If you see someone handing out fliers in the Pit this week dressed as a gorilla, don't be surprised.
It's just an example of how far some student performance groups will go to attract new recruits.
With more than 10 groups competing for students who thrive under the bright lights, some organizations will do whatever it takes to gather fresh talent.
"We perform at Freshman Camp, sing in the Pit and are performing at Fall Fest to let freshmen know who we are," said Emily Burns, the business manager of the popular, all-female a cappella group the Loreleis.
Knocking on dorm room doors, sitting in the Pit, hanging fliers in virtually every building on campus and holding wild publicity stunts are other methods these groups use to attract students to interest meetings and auditions.
Sean Casserly, one of three producers for Lab!
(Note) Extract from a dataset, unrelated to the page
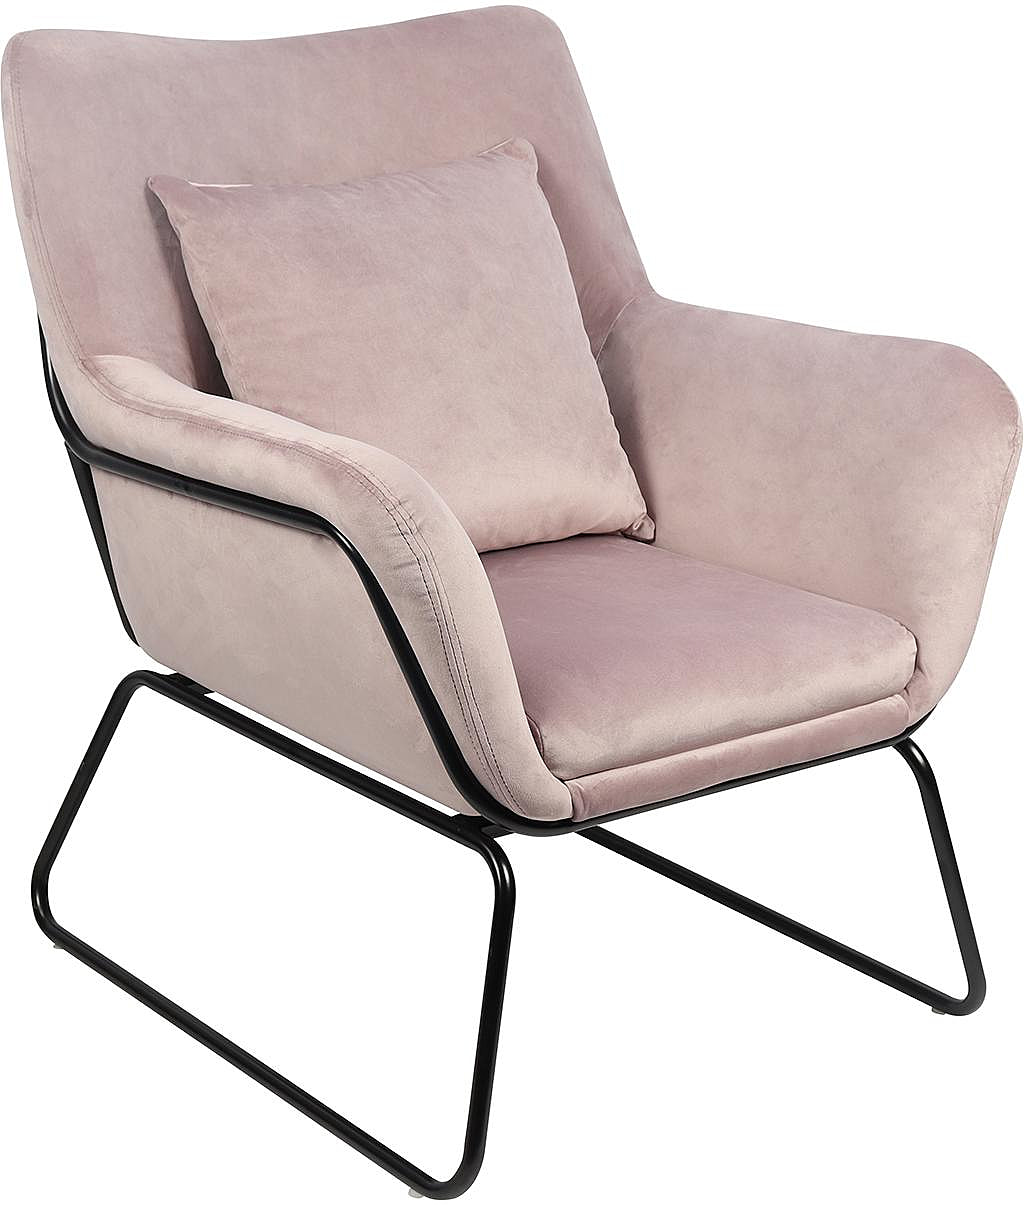 SalesFever Relaxsessel Sessel verschiedenen mit Samtbezug in Farben

Theatre, UNC's oldest and most active student theater group, has assisted in planning fall shows and publicity ventures since this spring.
"We've already got general interest meetings set up in Kenan Theatre so we can pull in as many freshmen as we can," Casserly said.
"We can tell them what Lab! stands for, how many shows we have going on and let them know we've already got our first set ready to go - ready for them to audition."
Lab! offers as many as 12 shows each school year, allowing a large number of students to participate.
"Because we are supported by the drama department, we've got a strong and omnipresent publicized force," Casserly said.
"Lab! has the name value that's been long-standing and has come to deserve that kind of integrity."
Both Company Carolina and Pauper Players, student theater organizations completely independent of University funding, also have events lined up to attract new members.
"Although we typically don't have a hard time getting a lot of people to come out for auditions, we definitely do our best to pub for them," said senior Lori Mannette, an administrator for Pauper.
"But we draw a different kind of group from Lab! and Company because we only do musicals."
Even if competition isn't a problem for some groups, there are other difficulties facing a cappella and theater groups.
Campuswide construction targeting several popular performance venues has forced groups into alternate spaces.
"We're exploring the possibility of nontraditional theater that doesn't need a traditional space because of the shortage," said Emily Ingram, a producer for Company Carolina.
Last year the Achordants, an all-male a cappella group, were forced to choose a more distant location for their spring performance because their usual venue, Gerrard Hall, was under construction.
Despite space constraints and a hectic recruitment schedule, group leaders say those who join will be surrounded by devoted individuals who perform for the love of their craft.
"I think the one thing that makes people love our group is how dedicated we all are to our music and each other," Burns said.
And the Lorelei wasn't alone in her sentiment.
"Even though there are some disagreements during shows, people always have a good time and keep coming back to audition," Ingram said.